COVID-19 drastically impacted our programs. Keeping youth safe requires smaller groups and more staff, PPE, and sanitization supplies. We have lost $110,000 in contracted revenue just for our outdoor school. We adjusted our outdoor school from district-based to small cohort-based to continue to serve youth and families in our region. 

The paragraph above helps explain how this nonprofit is dealing with the COVID situation, but it is confusing when included in a short success statement. It makes it seem that the organization may not be able to accomplish its pitch of renovating the playground and it’s unclear how it fits into the overall statement of success.

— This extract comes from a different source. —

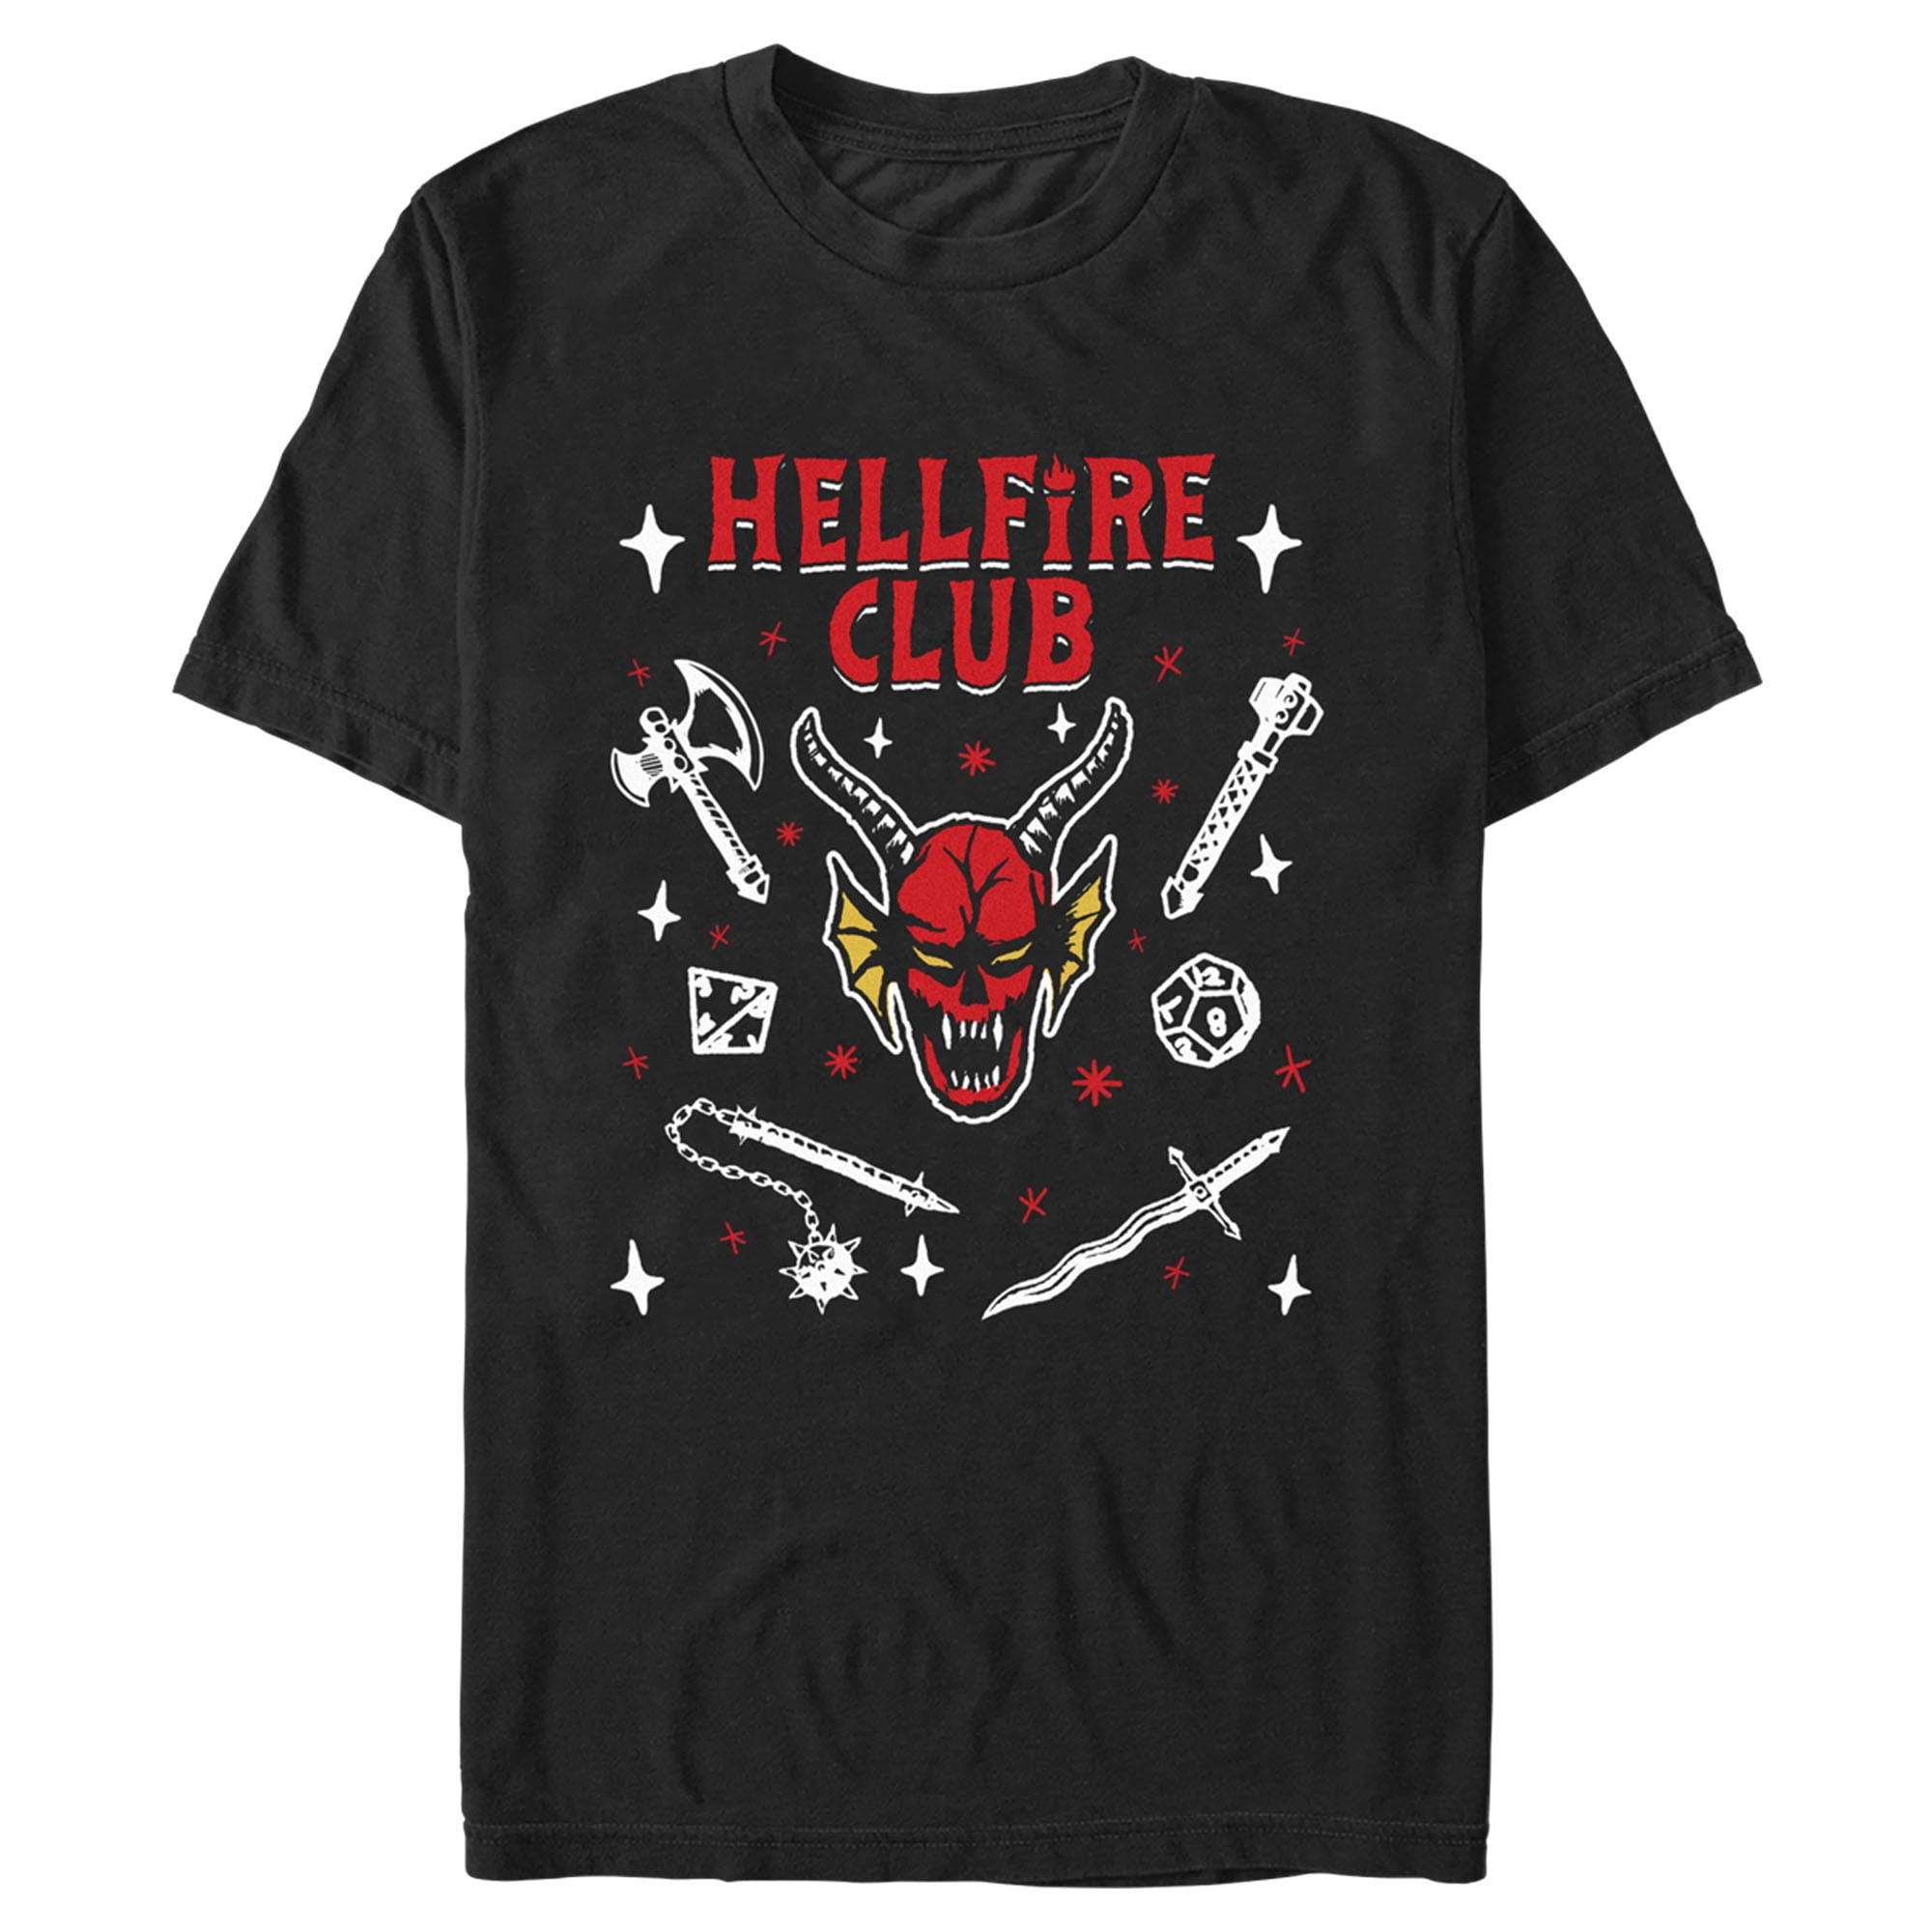 Men's Stranger Things Hellfire Club Icon Graphic Tee Black X Large

Operating in this environment is expensive. Underserved populations in our community have the greatest need for our services but are the least able to afford them. Your gift will help us make these inclusive programs available to any child who wishes to attend.

This paragraph above is powerful but it is confusing in the context of the previous paragraphs because it appears that the ask is to create a playground for bicycles, and the pitch fails to make the connection strongly about why this type of playground is going to truly serve underserved populations in this area. Is the bicycle playground the solution? I am not convinced based on this pitch because the success statement is not included in the pitch up front.